I’ve just finished reading Beautiful Data (published by O’Reilly in 2009), a collection of essays edited by Toby Segaran and Jeff Hammerbacher. The 20 essays from 39 contributors address a diverse array of topics relating to data and how it’s collected, analysed and interpreted.
Since this is a collection of essays, the writing style and level of technical detail varies considerably between chapters. To be honest, I didn’t find every chapter absolutely riveting, but I generally came away from each of them having learned a thing or two. Below is a list of chapter titles with occasional comments.
- Seeing Your Life in Data
Nathan Yau writes about personal data collection, highlighting your.flowingdata which is a Twitter app for gathering personal data. Although I am keenly interested in the data logged by my Garmin 910XT, I don’t think that I have the discipline to tweet every time I go out for a run. Regardless though, it’s a cool idea.
- The Beautiful People: Keeping Users in Mind When Designing Data Collection Methods
- Embedded Image Data Processing on Mars
Instruments on planetary probes operate under significant technological constraints. So it’s fascinating to learn the details behind the imaging system on the Phoenix Mars lander.
- Cloud Storage Design in a PNUTShell
- Information Platforms and the Rise of the Data Scientist
Jeff Hammerbacher along with DJ Patil coined the term “Data Scientist”. The chapter starts with a story of how 17 year old Hammerbacher was fired from his job as a cashier in a grocery store and ends with the creation of the role “Data Scientist” at Facebook, reflecting the various and disparate tasks currently undertaken by people working intensively with data.
By decoupling the requirements of specifying structure from the ability to store data and innovating on APIs for data retrieval, the storage systems of large web properties are starting to look less like databases and more like dataspaces. Beautiful Data, p. 83
- The Geographic Beauty of a Photographic Archive
- Data Finds Data_
- Portable Data in Real Time Jud Valeski describes the evolution of APIs for public access to data. Having spent a lot of time recently messing around with the APIs for Twitter and [Quandl](https://www.quandl.com/tools/api), this was interesting stuff.
- Surfacing the Deep Web
- _Building Radiohead's House of Cards I've watched the video for Radiohead's [House of Cards](https://en.wikipedia.org/wiki/House_of_Cards_(Radiohead_song)) a few times before and thought that it was a cool concept. Now that I know what went into making the video (courtesy of this chapter), my appreciation has gone up a number of notches. The authors explain in appreciable detail how they gathered data using LIDAR systems and used [processing](https://processing.org/) to generate the aetherial animations in the video.
Although at the time of publishing some of the data for the video were released as open source, it appears to have subsequently been withdrawn. That’s a pity. I think I would have enjoyed hacking on that. And it would have been good motivation to learn more about processing.
- Visualizing Urban Data
- The Design of Sense.us
- What Data Doesn't Do Coco Krumme provides a somewhat dissenting view, writing about the limitations of data. She reminds us that a naive interpretation of statistics can be very misleading; that more data is not always better data; that data alone do not provide explanations; and that even good models have limitations.
- Natural Language Corpus Data This is probably the most technical chapter in the book. Peter Norvig gives a tutorial on Natural Language Processing (NLP) with sample code in Python. He certainly provides enough information to get you up and running with NLP. He also points out a number of potential gotchas and ways to get around them.
- Life in Data: The Story of DNA
I'm not sure why, but that snippet of code really amused me.
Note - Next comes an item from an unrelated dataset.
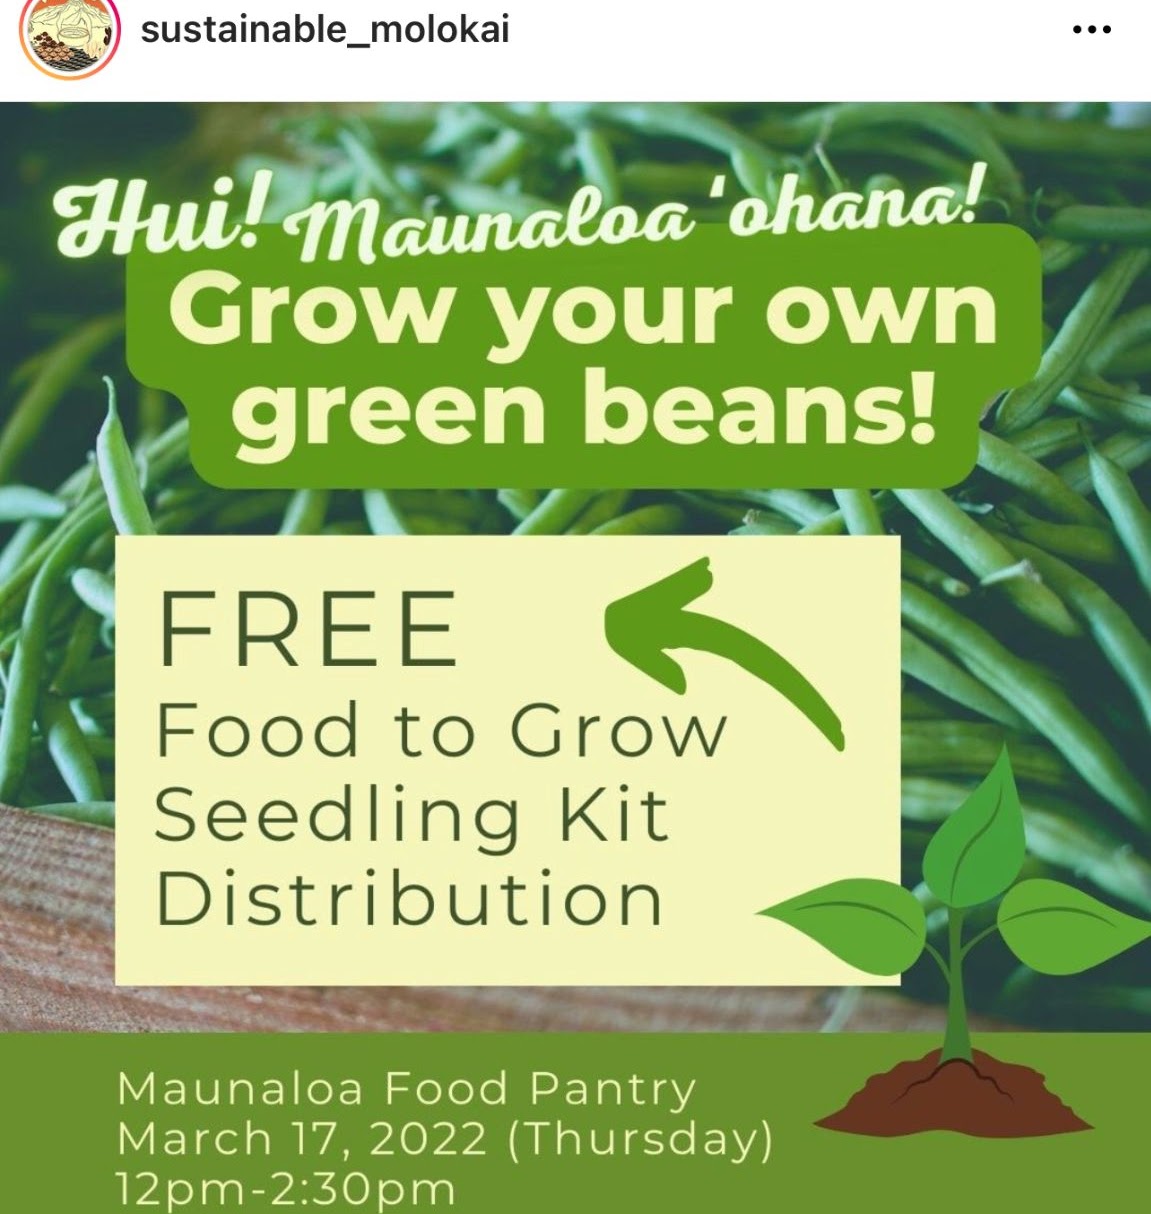 Hui! Maunaloa ohana! Grow your own green beans! Free to Food to Grow Seedling Kit Distribution. Mauna Loa Food Pantry March 17, 2022 (Thursday) 12pm - 2:30pm.

Great way of capturing an obscure biological fact in a form which resonates with my inner geek.
- Beautifying Data in the Real World
- Superficial Data Analysis: Exploring Millions of Social Stereotypes The authors write about processing the data gathered at FaceStat.com, providing numerous handy snippets of R code. Although the FaceStat web site has been discontinued, the principles of their analysis will find applications elsewhere.
- Bay Area Blues: The Effect of the Housing Crisis
- Beautiful Political Data
- Connecting Data This chapter addresses the issue of connecting data from disparate sources. Here I found something that is going to be of immediate use to me: [Collective Entity Resolution](http://drum.lib.umd.edu/handle/1903/4241). It appears that this algorithm will solve a problem I have grappled with for a few months. This bit of information alone made the book a worthwhile read.
You’re not going to learn the details of any new technical skills from this book. But you will definitely uncover many inspiring thoughts and ideas. And you’ll probably find a gem or too, just like I did.